Support Questions

Find answers, ask questions, and share your expertise
Announcements
Celebrating as our community reaches 100,000 members! Thank you!

[Nifi] Converting a delimited FlowFile's content to attributes

avatar

Hi, guys,

So I have an incoming FlowFile with content text delimited by pipes ('|'), and I want to send this information to several destinations. To convert it to JSON, for example, I know I can use the AttributesToJSON processor, but how exactly can I access the FlowFile content and convert them to attributes?


e.g.

original FlowFile content:

1234567891285|37797|1| the brown fox
FlowFile attributes (after converting):

id = 1234567891285
sequence = 37797
category = 1
text = the brown fox
... and after that I could use AttributesToJSON to generate my JSON file.

Any ideas on how to achieve this?

Thanks in advance!

Cheers.

1 ACCEPTED SOLUTION

avatar
Master Guru

You don't have to extract the fields to attributes if you are converting the contents to a different format, instead you can use ConvertRecord with a CSVReader with custom format (a pipe delimiter for instance) and name your fields in the Avro schema. Then in ConvertRecord you can set a JsonRecordSetWriter to convert to JSON. This same approach will work for any supported output format, or you can even write your own ScriptedRecordSetWriter if you need a custom format.

If you do need to extract to attributes, you can use ExtractText with a regular expression that matches each field, and you can add user-defined properties to extract the group(s) into their associated attributes (the property name is the field name such as "id" or "sequence", and the value is the grouping expression, perhaps $2, $3, etc.)

View solution in original post

8 REPLIES 8

avatar

Hi @Cesar Rodrigues

The cleaniest way should be to use ConvertRecord processor with a CSVReader (using Delimiter as pipe) and JSonSetRecordWriter.

This directly convert your CSV into JSON without passing by attributes. Using Record processors also gives you better performance.

Thanks

avatar

@Abdelkrim Hadjidj

Thank you!
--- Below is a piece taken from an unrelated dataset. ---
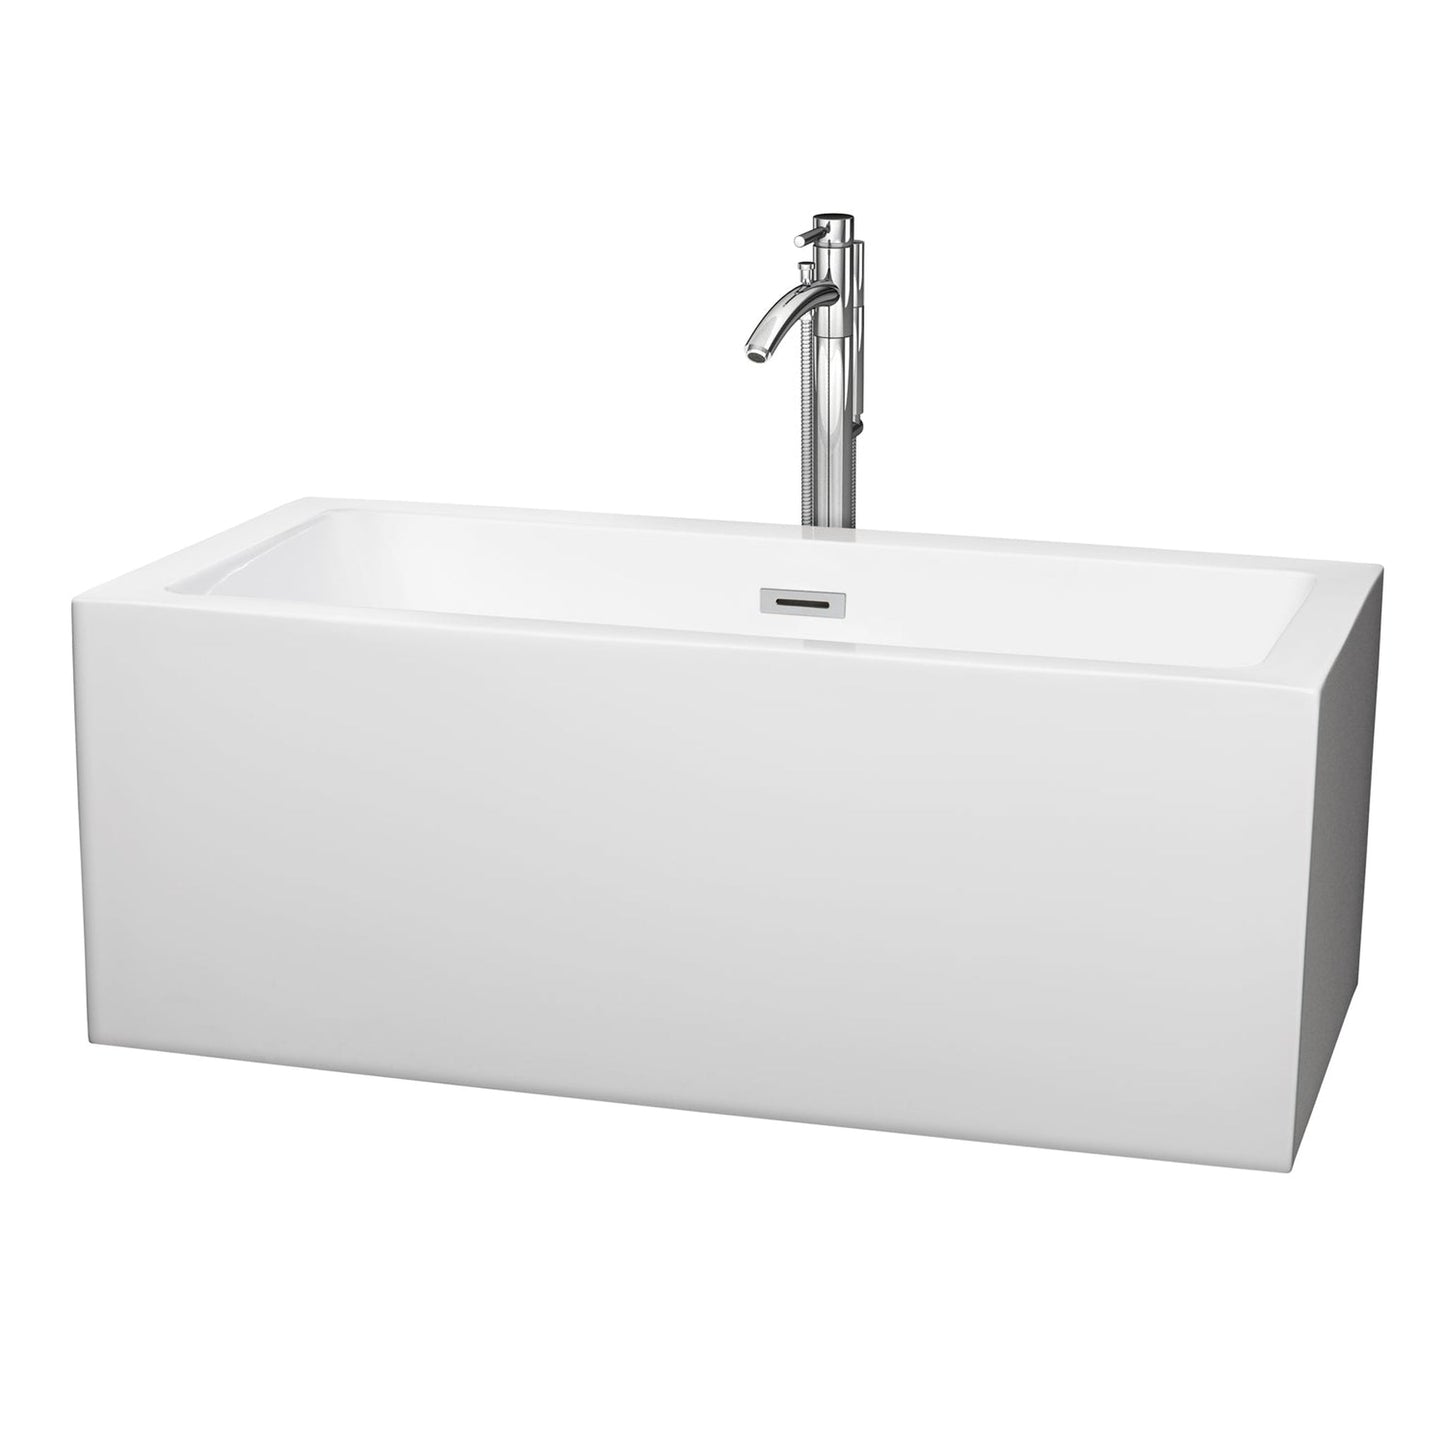 Wyndham Collection Melody 60" Freestanding Bathtub in White With Floor Mounted Faucet, Drain and Overflow Trim in Polished Chrome

Could you please provide more details on how to use the schema registry? I'm having some trouble with that.

avatar
Master Guru

You don't have to extract the fields to attributes if you are converting the contents to a different format, instead you can use ConvertRecord with a CSVReader with custom format (a pipe delimiter for instance) and name your fields in the Avro schema. Then in ConvertRecord you can set a JsonRecordSetWriter to convert to JSON. This same approach will work for any supported output format, or you can even write your own ScriptedRecordSetWriter if you need a custom format.

If you do need to extract to attributes, you can use ExtractText with a regular expression that matches each field, and you can add user-defined properties to extract the group(s) into their associated attributes (the property name is the field name such as "id" or "sequence", and the value is the grouping expression, perhaps $2, $3, etc.)

avatar
@Matt Burgess

I've never used the Avro Schema before. Could you please explain how to name the fields in it? I checked the documentation, but it's a little bit confusing.

Thanks in advance!

avatar
Master Guru

Avro Schemas can be confusing the first couple of times you create them 🙂 In your case you could use the following:

{
 "namespace": "nifi",
 "name": "cesarPipeDelimitedRecord",
 "type": "record",
 "fields": [
  {"name": "id","type": "string"},
  {"name": "sequence","type": "int"},
  {"name": "category","type": "int"},
  {"name": "text","type": "string"}
]
}

If you can have missing values, then you can replace the type with a union, for example if "category" can be missing, then its field entry can be

{"name": "category","type": ["null","int"]},

avatar

Thanks, @Matt Burgess! This helped a lot 😉

avatar
Contributor

Hi @Matt Burgess How about if just wanna keep the content as Attribute? Like my scenario is that I want a user to give parameters through a csv which I can parse and use them attribute , for example like User wants to import a tbale , he will write table in csv and that I'll use as an attribite in flowfile.

My present approach is :

ListFile->FetchFile->SplitFile->extractText->updateAttribute. But doesn't seems to be wroking out. Any suggestions?

avatar
Master Guru

What issues are you having? That flow description seems like it should work. Perhaps your regular expression or other config of ExtractText needs tweaking?